Without a strong community and a support organisation of family and friends who took intendance of her, Guerrero said, she wouldn't be where she is today. She also credits her mother, male parent and brother for pedagogy her powerful values from their Colombian heritage.

Tina Turnbow

"They showed me a world of possibilities, and that really stuck with me," Guerrero said. "My dad would e'er show me to concord my head up loftier when I'yard dancing because that is to prove security and to prove power and elegance."

Guerrero said she hopes her work reaches out to children and people with like experiences as her own and lets them know they have an entire community backside them that understands their pain.

"My community is represented in me and everything that I do," Guerrero said. "So that's what I love the near out of being the thespian.

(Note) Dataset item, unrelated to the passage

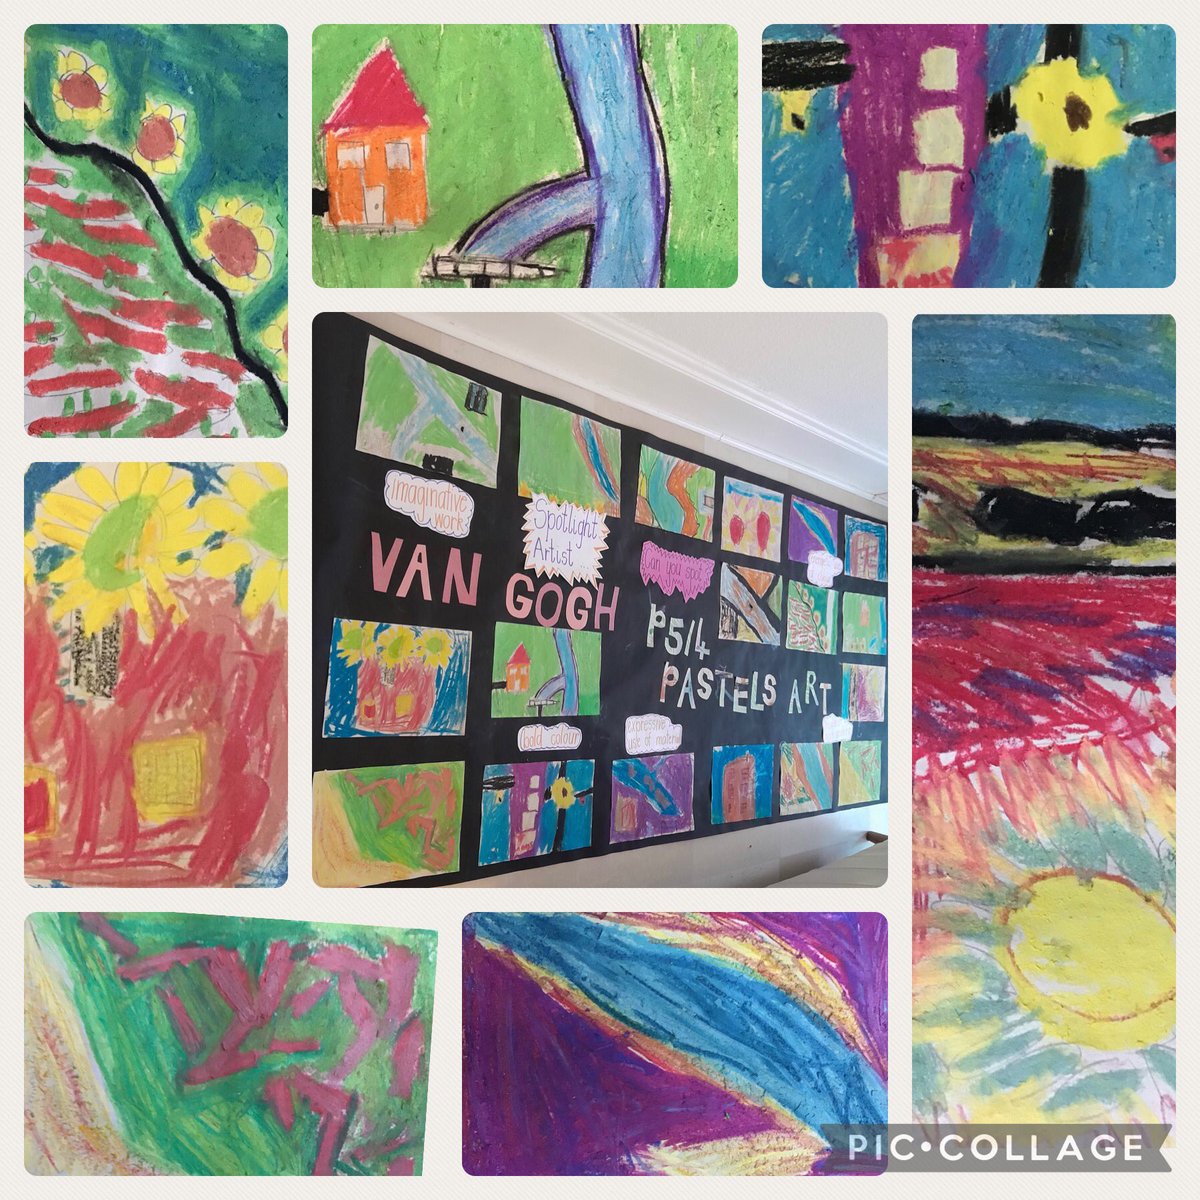 Hello Team Garnetbank!👋Have a look at the exhibition of expressive, bold and colourful work created by P5/4 artists .They very much enjoyed exploring the work of Van Gogh and using what they saw in their own work.@GarnetbankPS @rukhsana1akhtar @tate_kids #creativity

I know little girls tin await at me and encounter me and say, 'Oh, I recognize that honey.'"

And hopefully her interim, storytelling and advocacy will motivate others to stand upwards for themselves and seek aid when they need it.

"The most important affair you tin can practise for yourself is requite yourself a chance," Guerrero said. "That's exactly what I did. … You don't have to showtime out knowing all of these things or existence the best. You have a place in this world."

Nuestras Voces Unidas (Our Voices United) is a HuffPost series created to honour Hispanic Heritage Month and amplify the diverse voices within the community. Detect all of our coverage here.